3.8. Correlation of AAs With Oral Hypoglycemic Drug Use
Our study examined the relationship between AA levels and the use of oral hypoglycemic drugs in patients with T2DM, with results adjusted for confounding variables across different models (Table 4). Significant associations (p < 0.05) were identified for several AAs. Alanine demonstrated a strong positive correlation with oral hypoglycemic drug use across all models. Specifically, in the fully adjusted model (Model 4), each unit increase in alanine was associated with an 87% higher likelihood of requiring oral hypoglycemic drugs (OR = 1.87, 95% CI: 1.79–1.96, p < 0.001). Conversely, glutamine was significantly and inversely related to the use of oral hypoglycemic drugs, with each unit increase in glutamine resulting in a 15% lower likelihood of drug use (OR = 0.85, 95% CI: 0.82–0.89, p < 0.001) (Model 4). Similarly, glycine showed a modest but significant inverse correlation, with each unit increase reducing the likelihood of drug use by 6% (OR = 0.94, 95% CI: 0.90–0.98, p = 0.006). Histidine exhibited a borderline association with drug use, showing a significant negative correlation in Models 1–3 (p < 0.05). However, after full adjustment (Model 4), the relationship was no longer statistically significant (OR = 0.96, 95% CI: 0.92–1.01, p = 0.096). Valine, on the other hand, demonstrated a consistently strong positive association with oral hypoglycemic drug use. In the fully adjusted model (Model 4), each unit increase in valine was associated with a 27% higher likelihood of requiring oral hypoglycemic drugs (OR = 1.27, 95% CI: 1.22–1.32, p < 0.001).
4. Discussion
T2DM is a systemic metabolic disease which not only has impaired glucose metabolism but also involved other metabolites alteration. By analyzing AA profile in a prospective cohort of UKB, we identified critical AAs associated with T2DM incidence, which were alanine, valine, glutamine, histidine, and glycine. And MR analysis showed that glycine, leucine, and glutamine are protective factors for T2DM, with OR of 0.881, 0.630, and 0.961, respectively (p < 0.05), indicating that these AAs are associated with a reduced risk of T2DM. Importantly, we performed ROC curve analysis and found that combination of these five AAs had shown good value in predicting secondary complications of T2DM, with all AUC > 0.73. These results suggest the AAs are valuable biomarkers during the onset and development of T2DM, which may aid in early diagnosis and dynamic follow‐up in clinical practice.

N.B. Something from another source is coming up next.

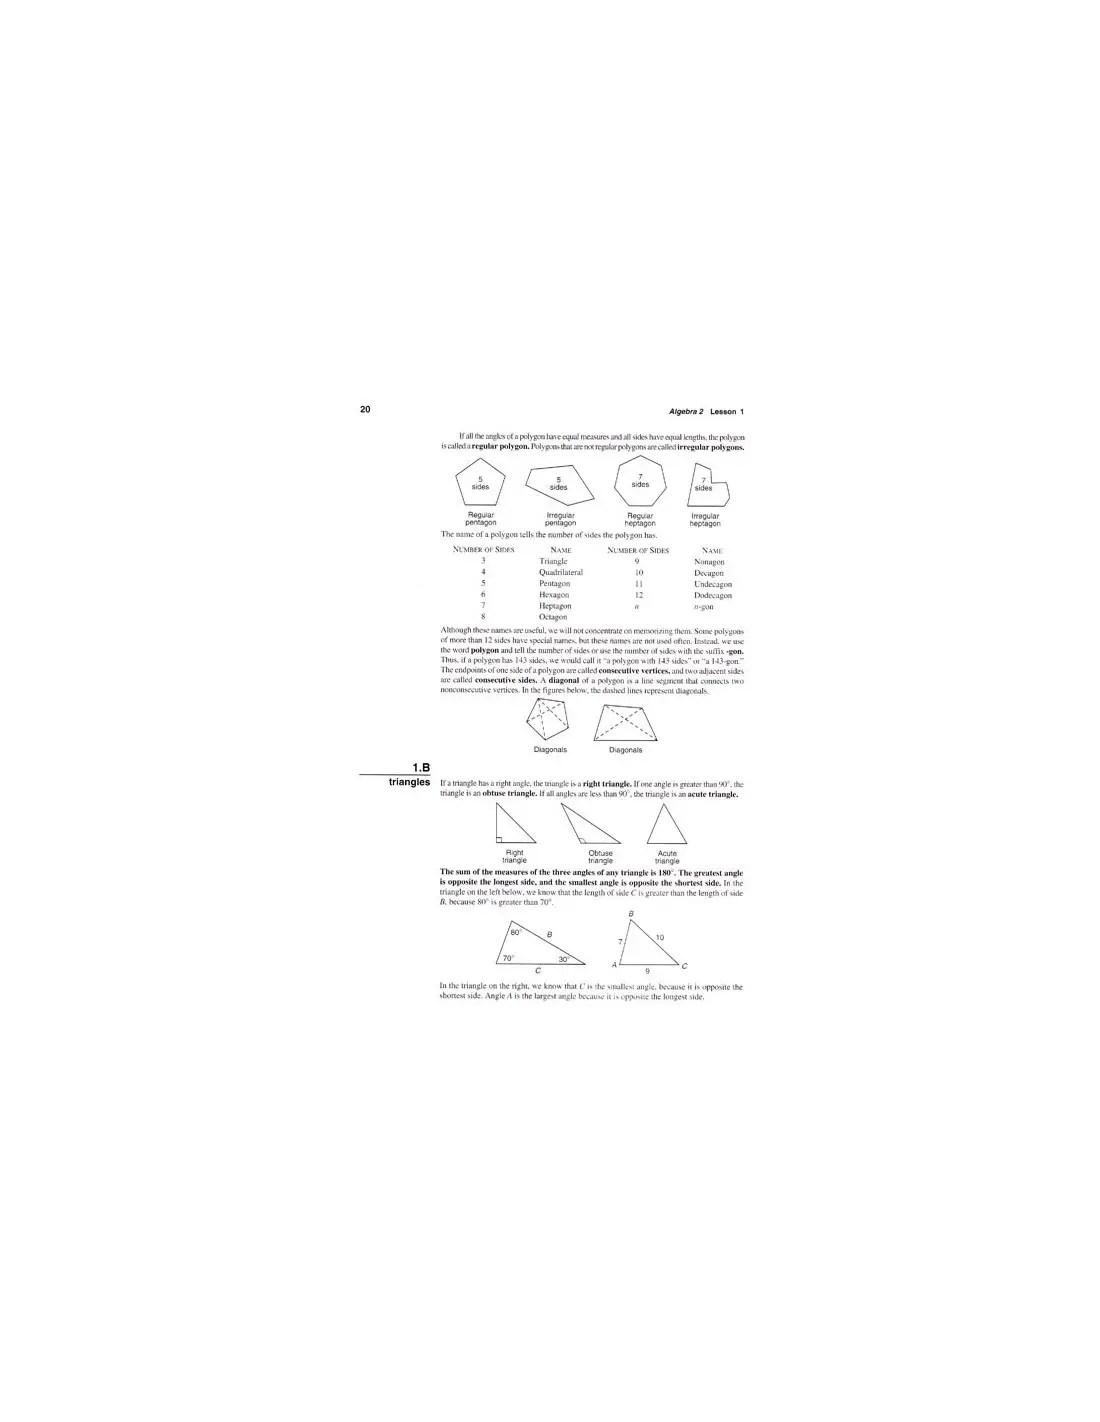 Saxon Algebra 2 3rd Ed Text New

In recent years, previous studies, including case‐cohort analyses within randomized controlled trials such as the PREDIMED trial (Ruiz‐Canela et al. [2018]) and prospective cohort studies in young adults like the Cardiovascular Risk in Young Finns Study (Würtz et al. [2013]), have shown that elevated branched‐chain and aromatic AAs are associated with IR and increased risk of T2DM [25, 26]. And the Framingham Offspring Study found that all of the BCAA including isoleucine, leucine, and valine were positively associated with T2DM [27], which was consistent with the EPIC Potsdam study [28]. However, we only found a similar association between valine and T2DM in our study. Although isoleucine and leucine were also increased in the T2DM population compared with the nondiabetes population, the LASSO logistic regression analysis did not show a significant correlation between T2DM. This may be due to the differences in detection methods between the two, and magnetic resonance technology may encounter peak overlap issues when detecting metabolites, making it difficult to accurately identify and quantify some metabolites [29]. Instead, we found that alanine was another risk factor, whereas glutamine, histidine, and glycine were protective factors for T2DM (Figure 3b). Interestingly, Wang et al. conducted a nested case‐control study of 3414 incident T2DM cases and found that alanine was also a risk factor for incident T2DM, which was consistent with our findings [12]. Similarly, Vangipurapu et al. conducted the METSIM study of 5181 participants and found that alanine was associated with decreases in insulin secretion and an increased risk of incident T2DM [30]. Taken together, these results demonstrate that elevated alanine and valine were important risk factors for T2DM or incident T2DM. It will be very interesting to monitor the dynamic change of alanine and valine at the normoglycemic stage for the population with high risk of T2DM, as well as further evaluate the sensitivity and specificity for alanine and valine.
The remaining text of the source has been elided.